> **Information supplied**:
--------------------

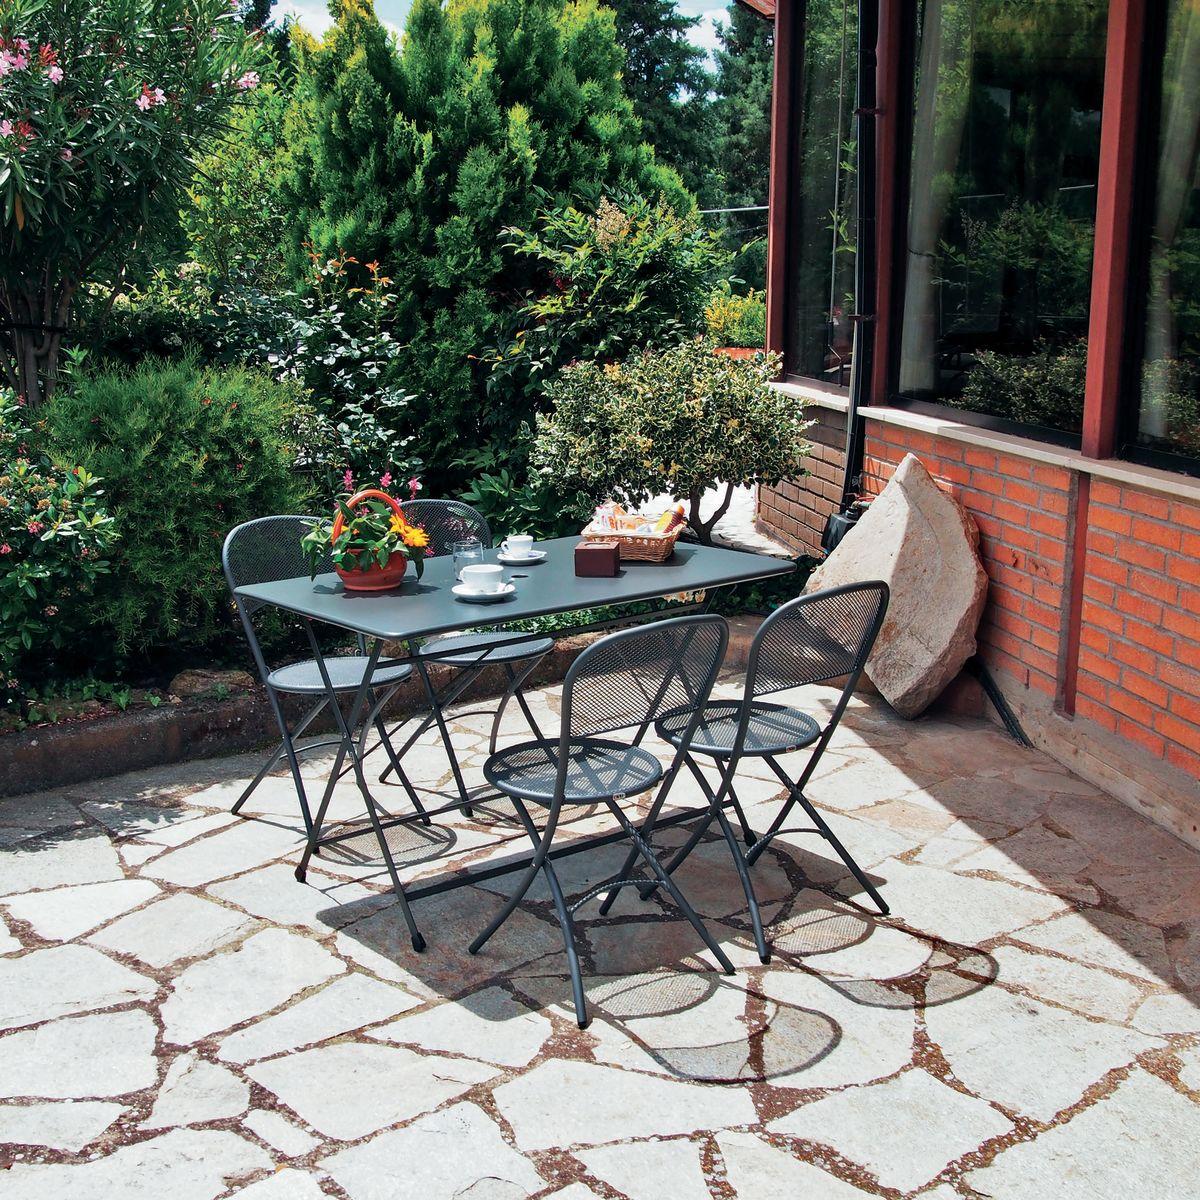 Tavoli giardino offerte set bistrot tavolo ombrellone e for Auchan dondolo da giardino
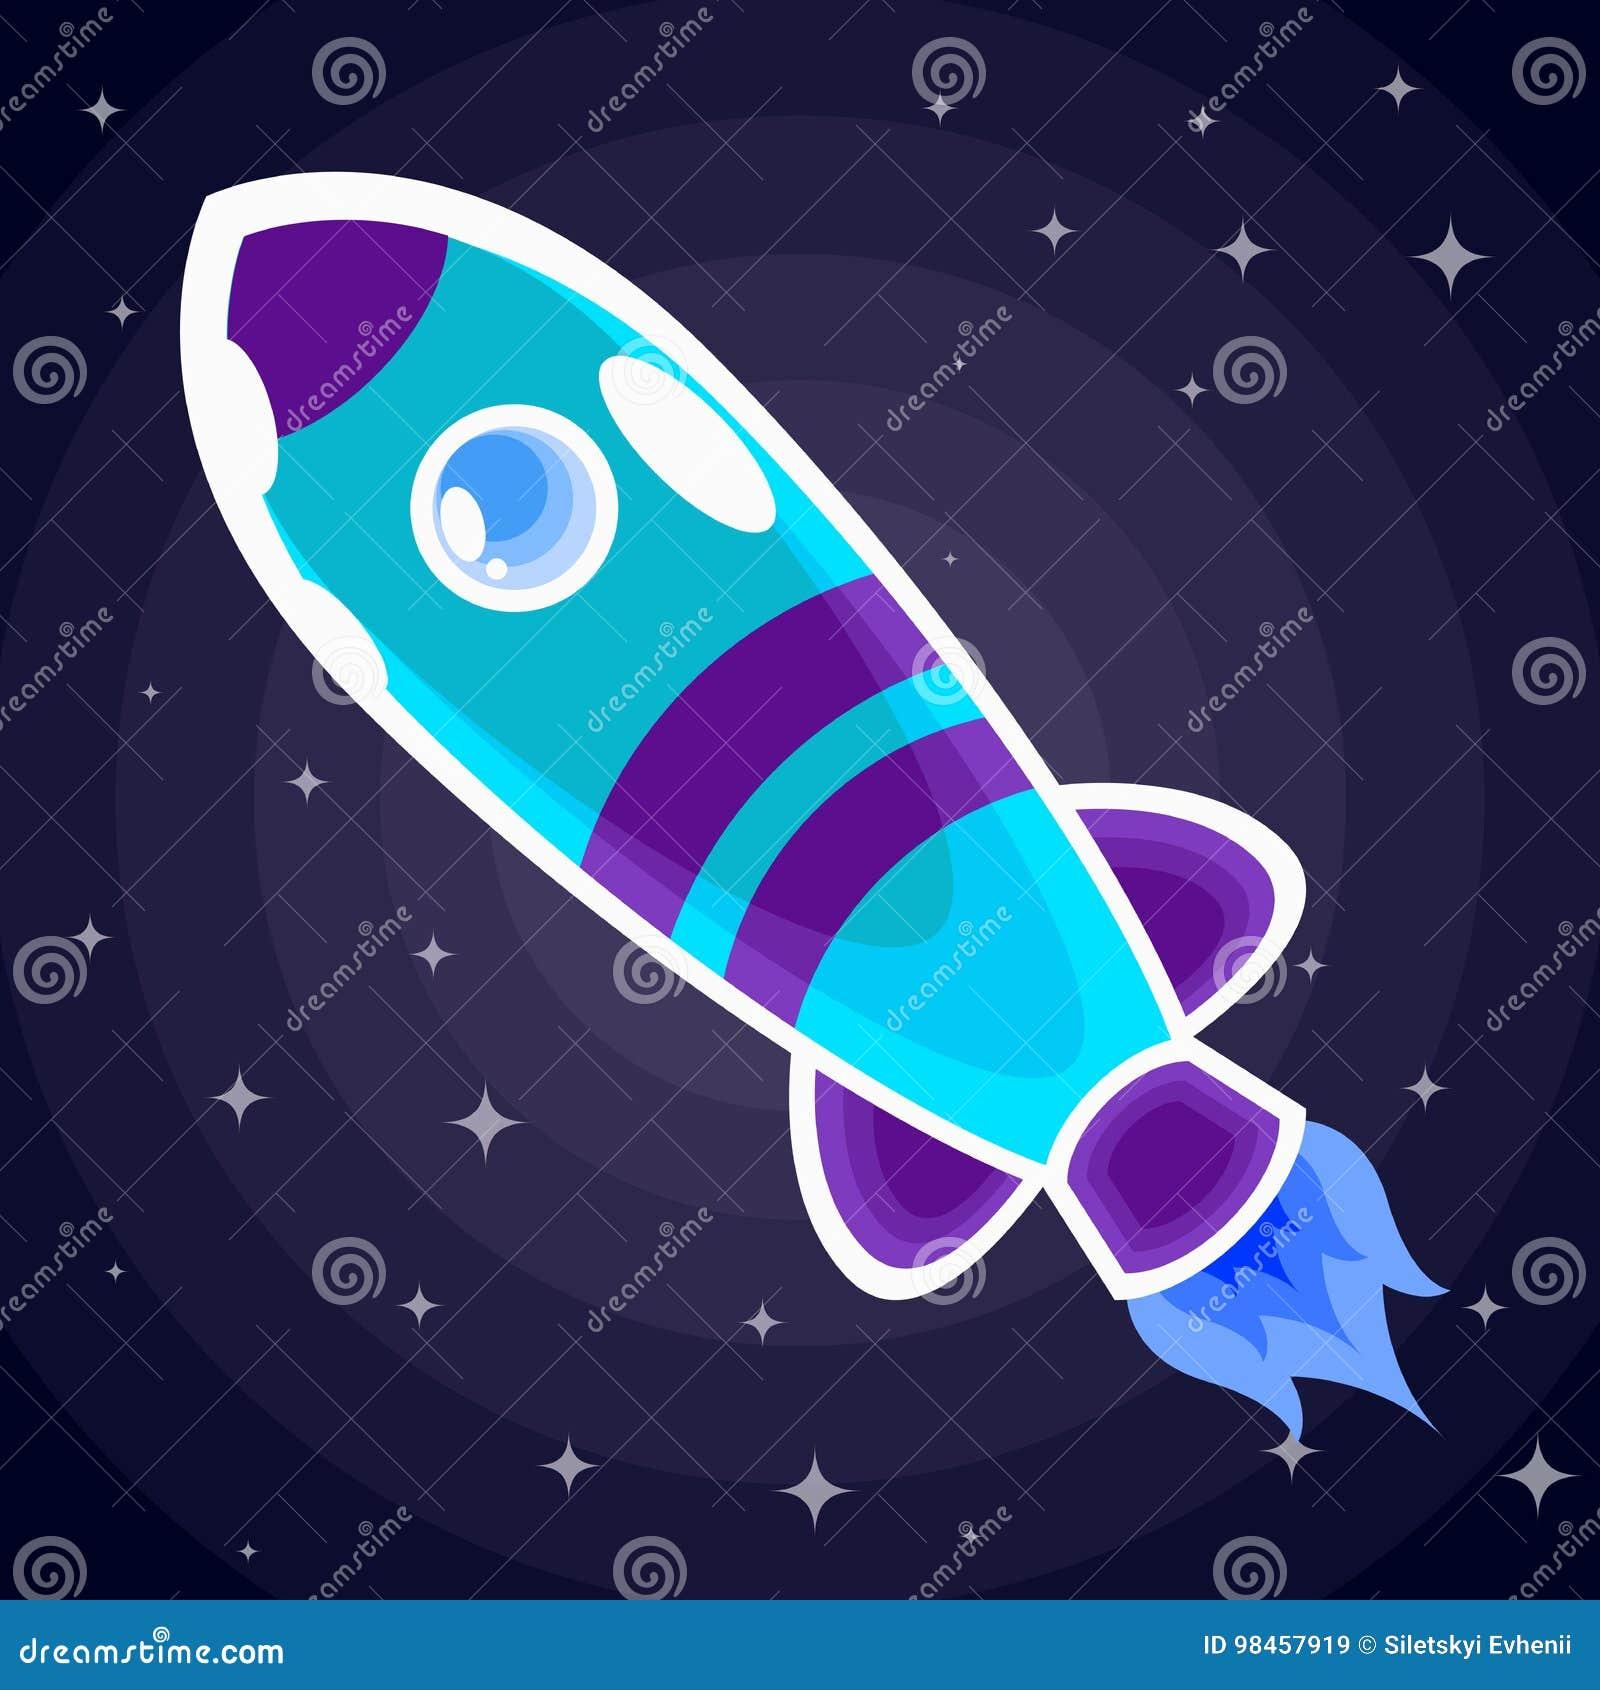 Blue With Purple Stripes Space Rocket With A Porthole Flies
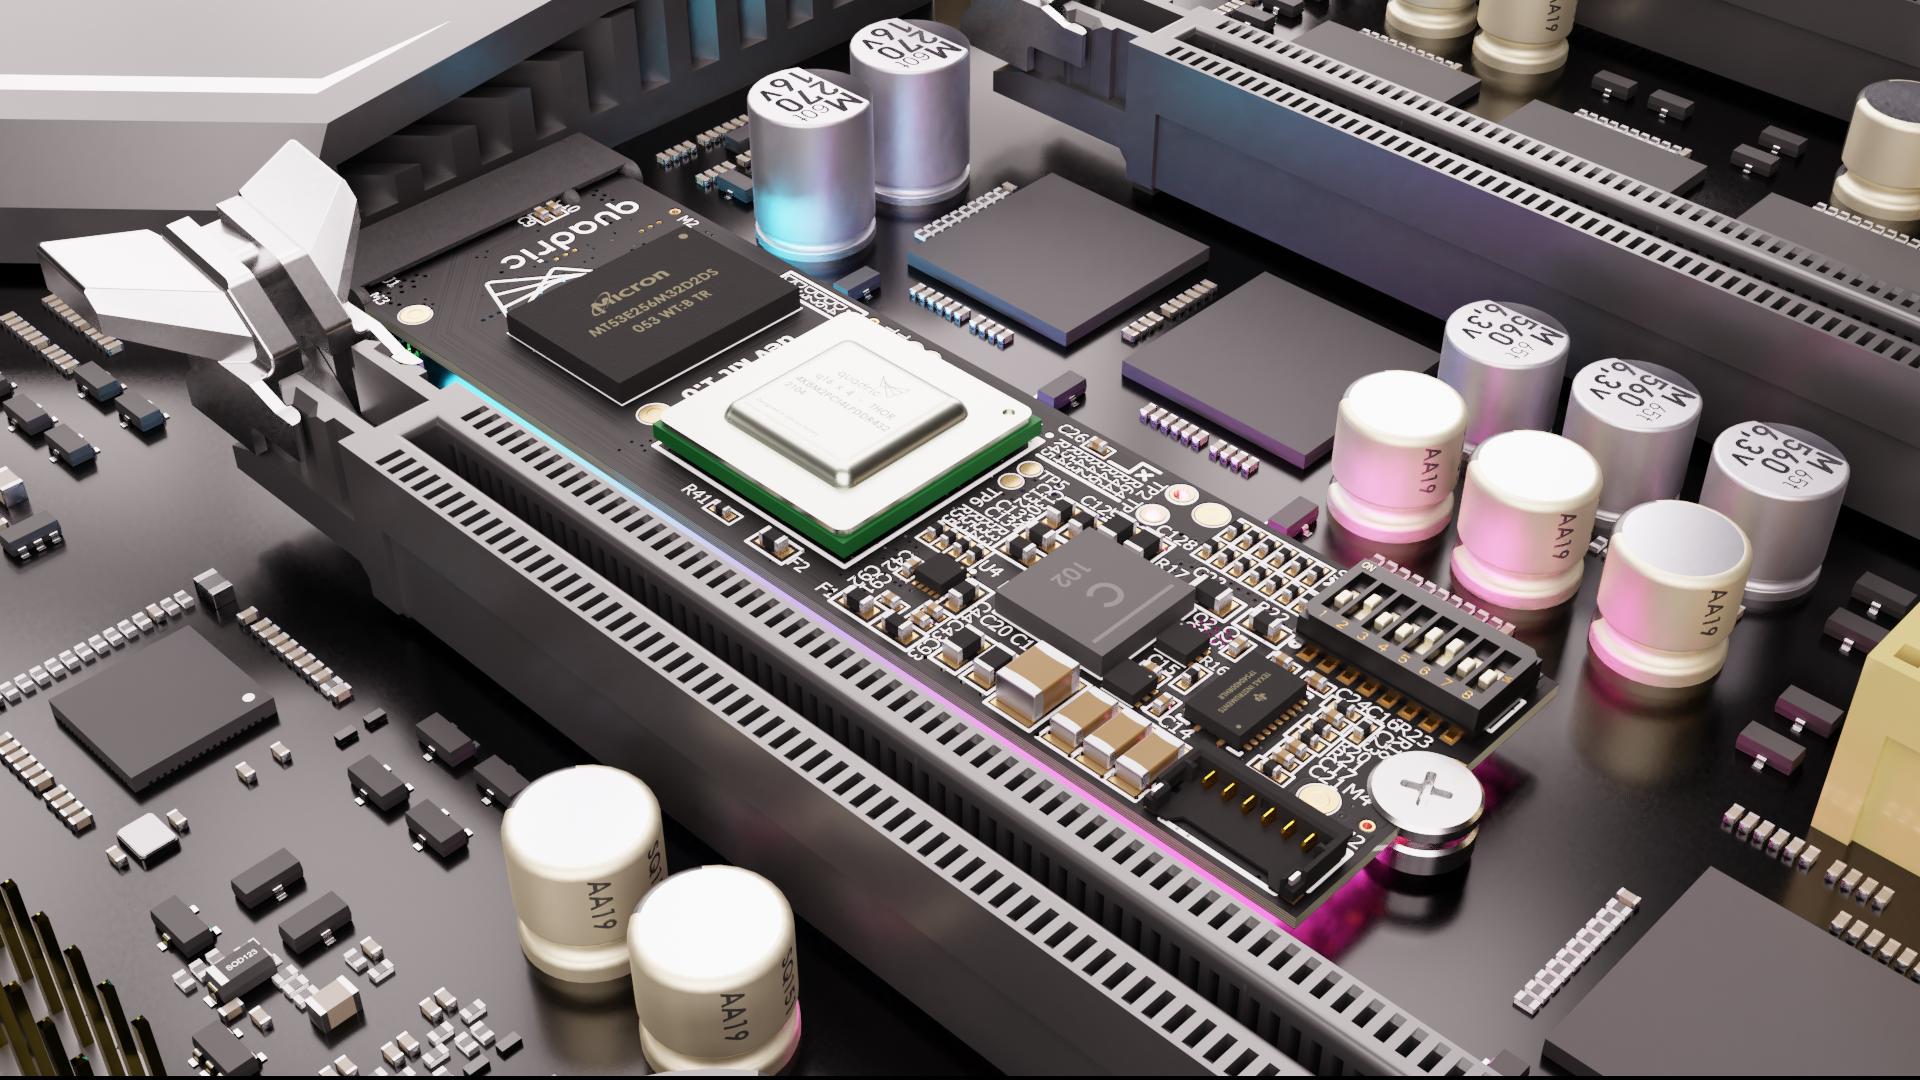 The quadric Dev Kit inside of an ATX form factor host system.

--------------------

Everything in the material above should be reproduced exactly, except the pictures.

 Tavoli giardino offerte set bistrot tavolo ombrellone e for Auchan dondolo da giardino
 Blue With Purple Stripes Space Rocket With A Porthole Flies
 The quadric Dev Kit inside of an ATX form factor host system.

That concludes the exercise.